Characterizing ballast degradation through Los Angeles abrasion test and image analysis

Qian, Y., H. Boler, M. Moaveni, E. Tutumluer, Y.M.A. Hashash and J. Ghaboussi. 2014. Characterizing ballast degradation through Los Angeles abrasion test and image analysis. Transportation Research Record: Journal of the Transportation Research Board. 2448: 142-151. doi:10.3141/2448-17.

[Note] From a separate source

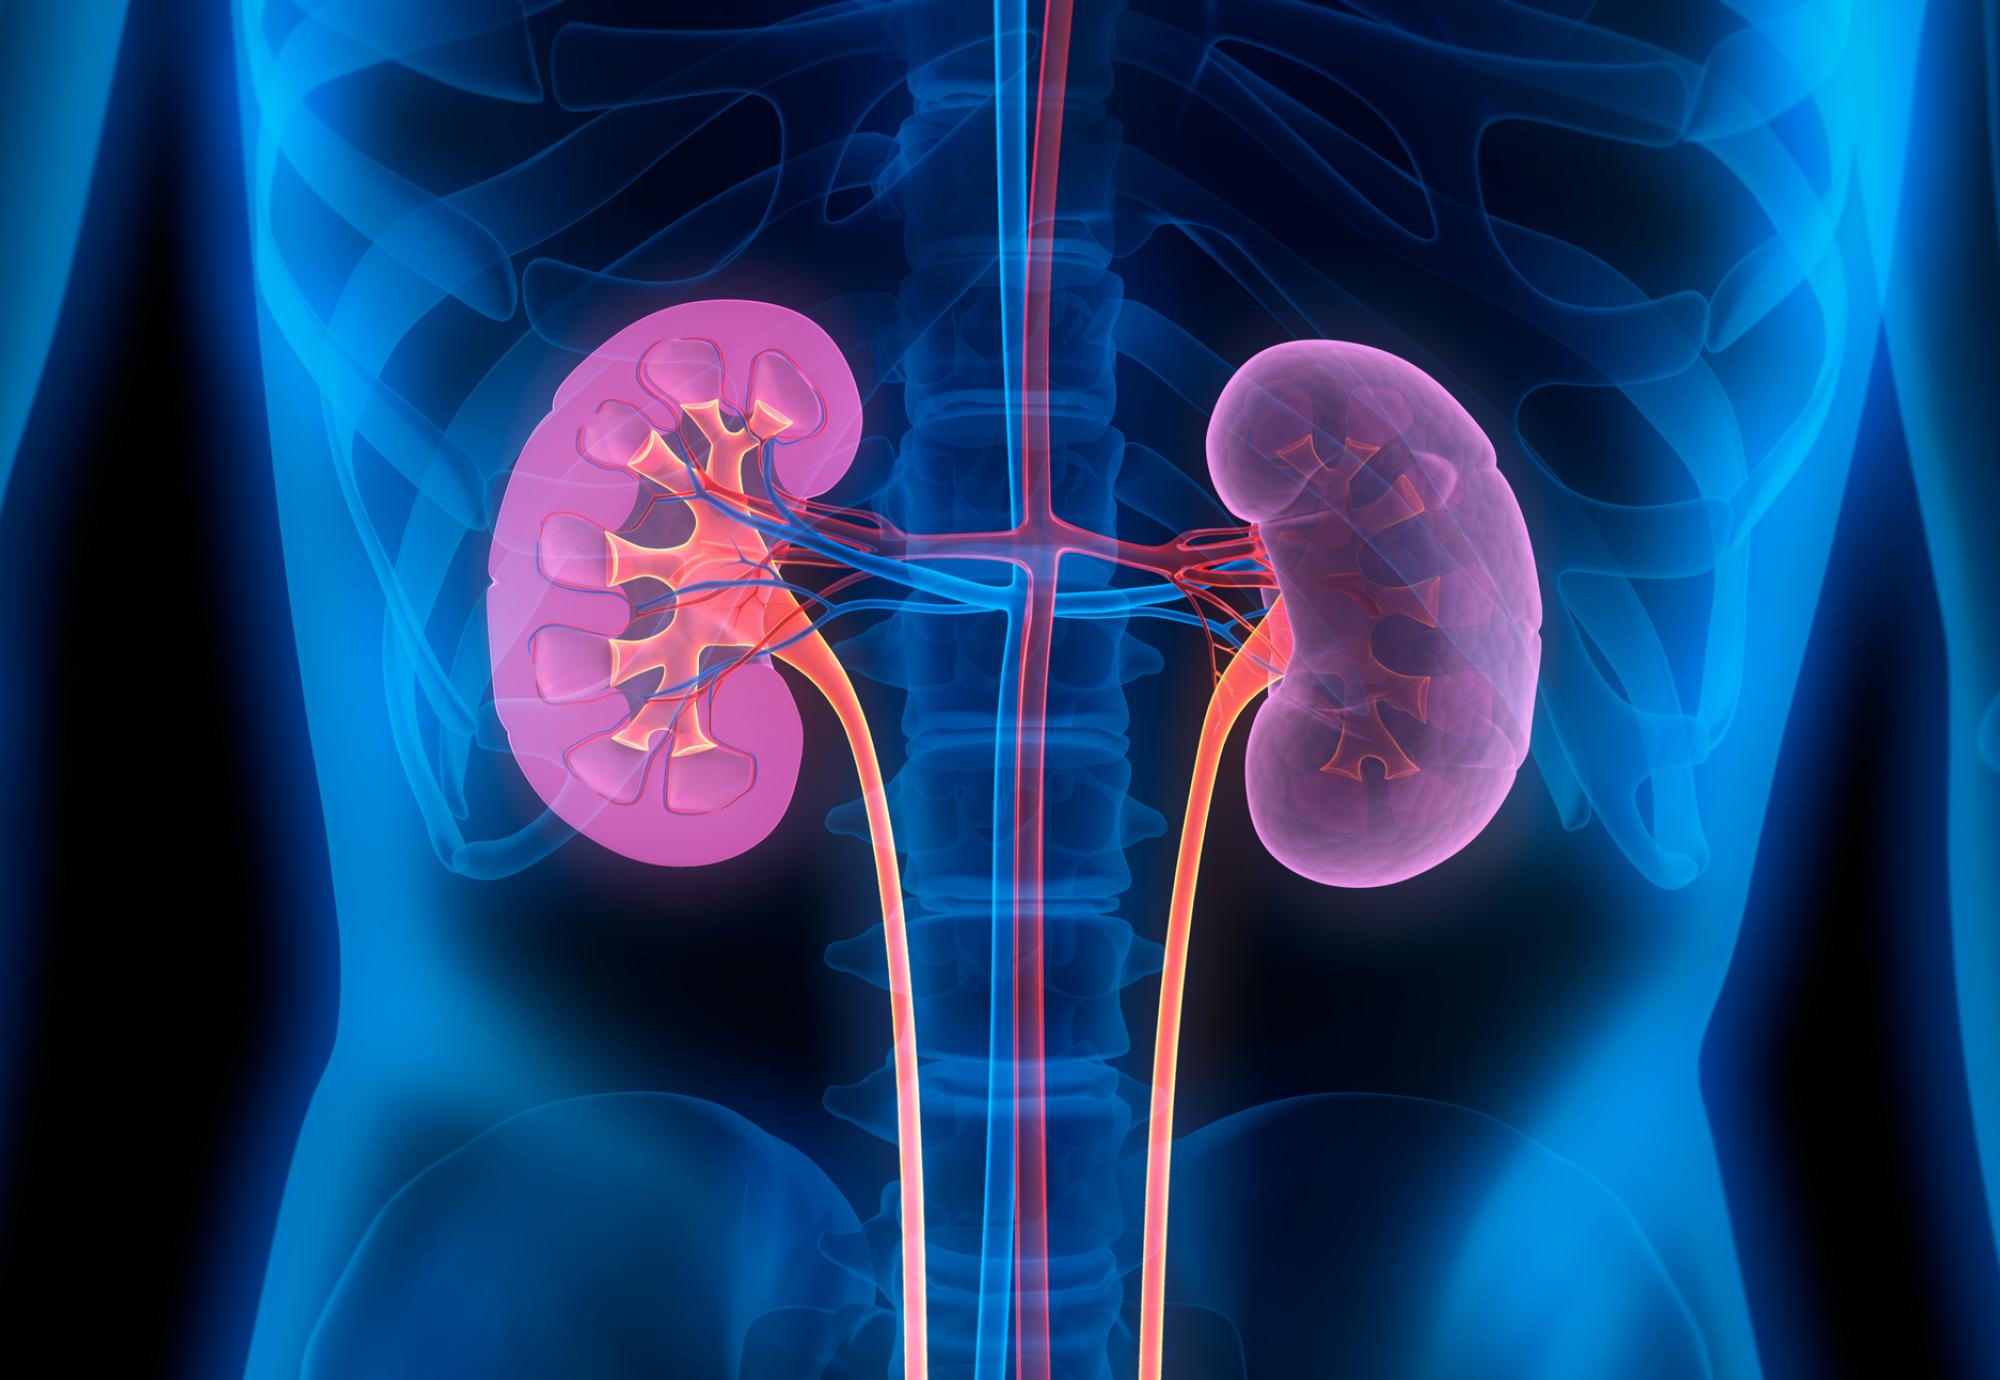 Artist illustration of kidneys
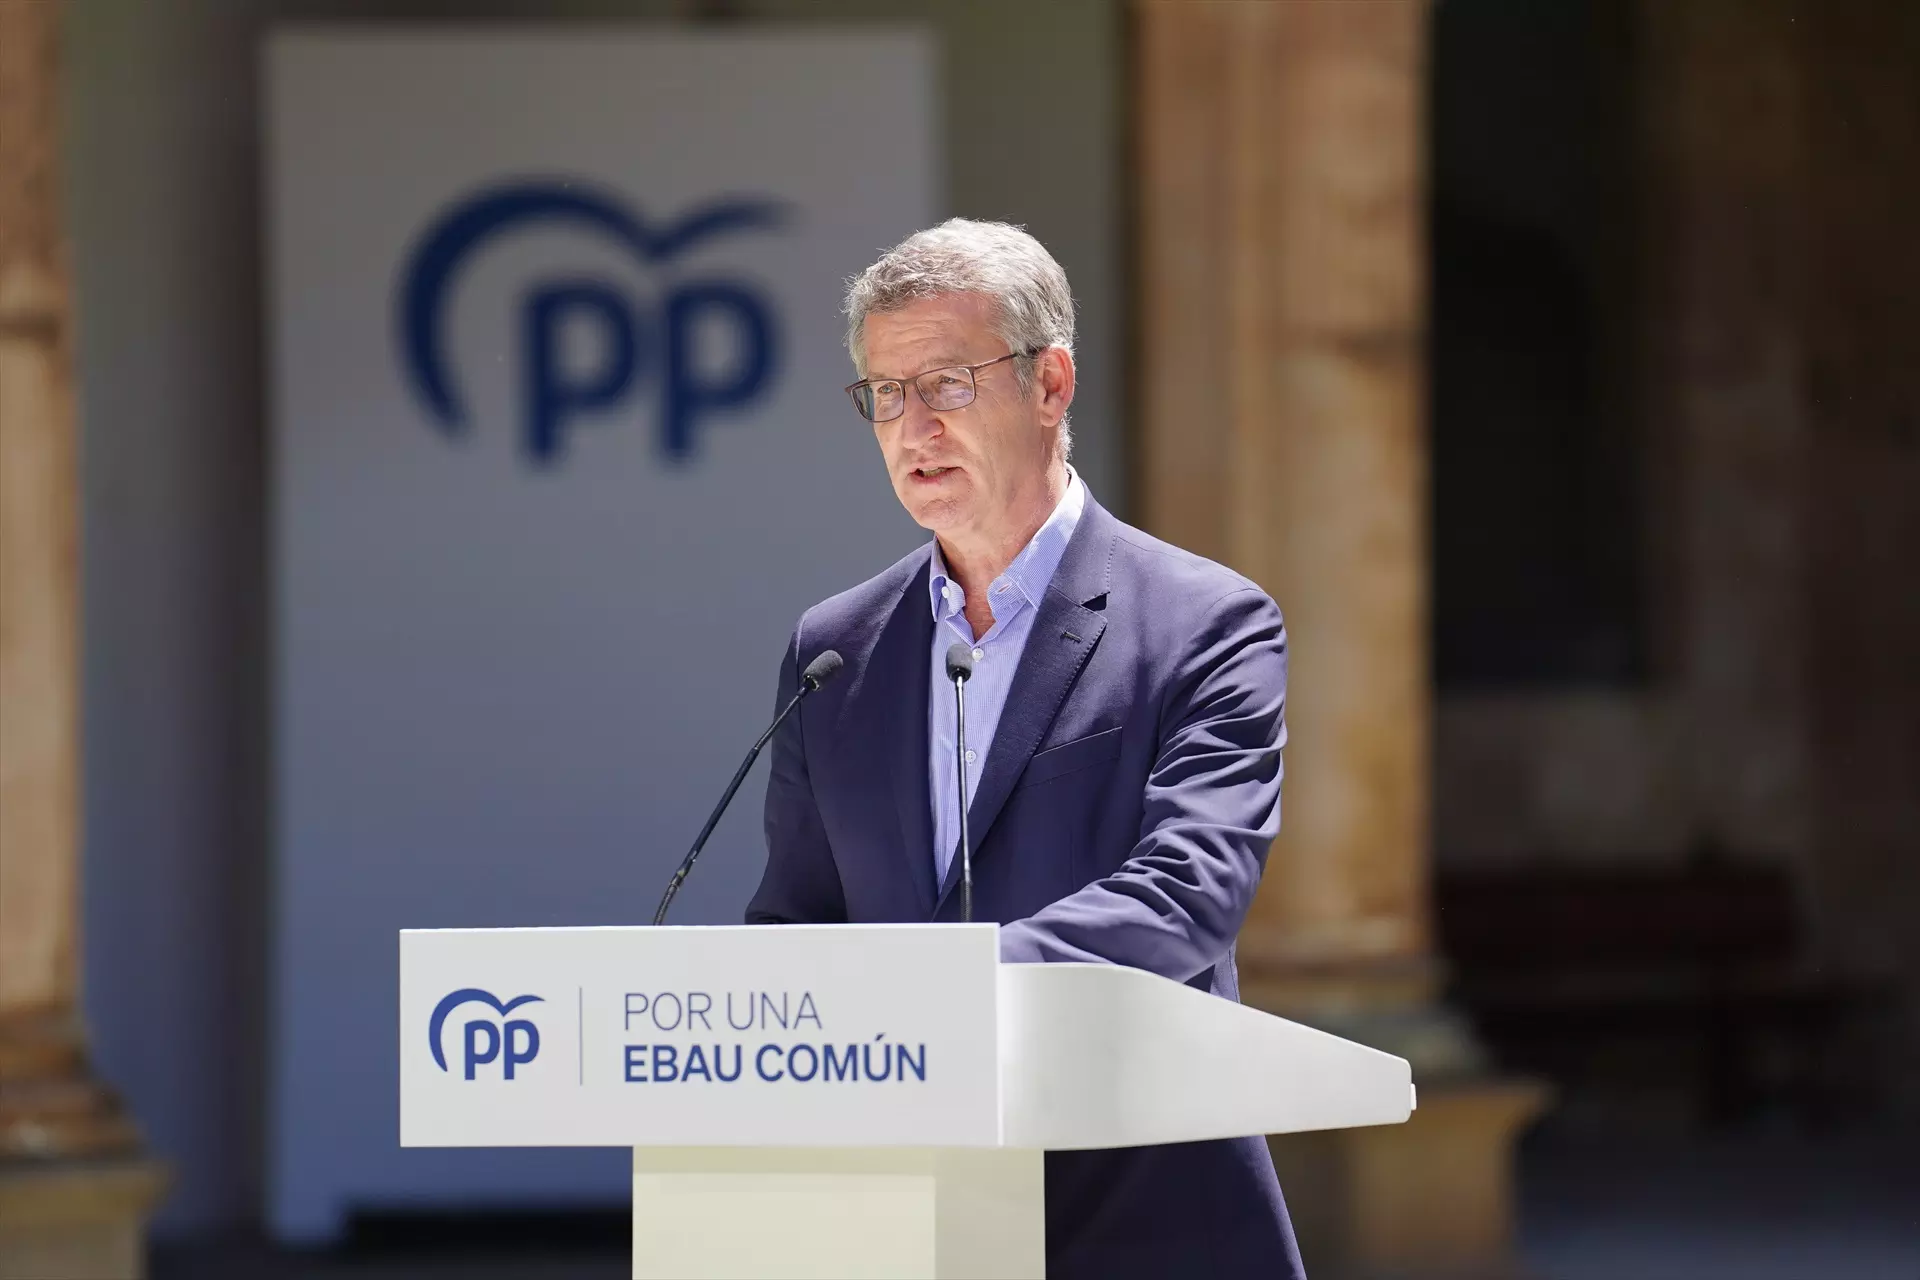 El presidente del Partido Popular, Alberto Núñez Feijóo, este lunes en Salamanca. — Manuel Ángel Laya / Europa Press

Ballast fouling, often associated with deteriorating railroad track performance, refers to the condition in which the ballast layer changes its composition and develops a much finer grain size distribution. Fouling is commonly caused by degradation or breakage of ballast aggregates under traffic loading, although other fine materials including but not limited to coal dust, fine-grained subgrade soils, and sand can also contaminate a clean and uniformly graded ballast layer. An experimental approach is described to characterize stages of railroad ballast degradation studied through Los Angeles abrasion testing in the laboratory. An aggregate image analysis approach is used to investigate ballast particle abrasion and breakage trends at every stage through detailed quantifications of individual ballast particle size and shape properties. The experimental study indicated that the fouling index (FI) commonly used by practitioners was indeed a good indicator of fouling conditions, especially when all voids created by larger particles were filled by fine materials as FI values approached 40. Image analysis results of ballast particles larger than 9.5 mm (3∕8 in.) scanned after a number of turns of the Los Angeles abrasion drum showed good correlations between percentage changes in aggregate shape properties, that is, imaging-based flatness and elongation, angularity and surface texture indexes, and the FI. The establishment of such relationships between in-service track fouling levels and ballast size and shape properties with similar field imaging techniques would help to understand field degradation trends better and as a result improve ballast serviceability and life-cycle performance.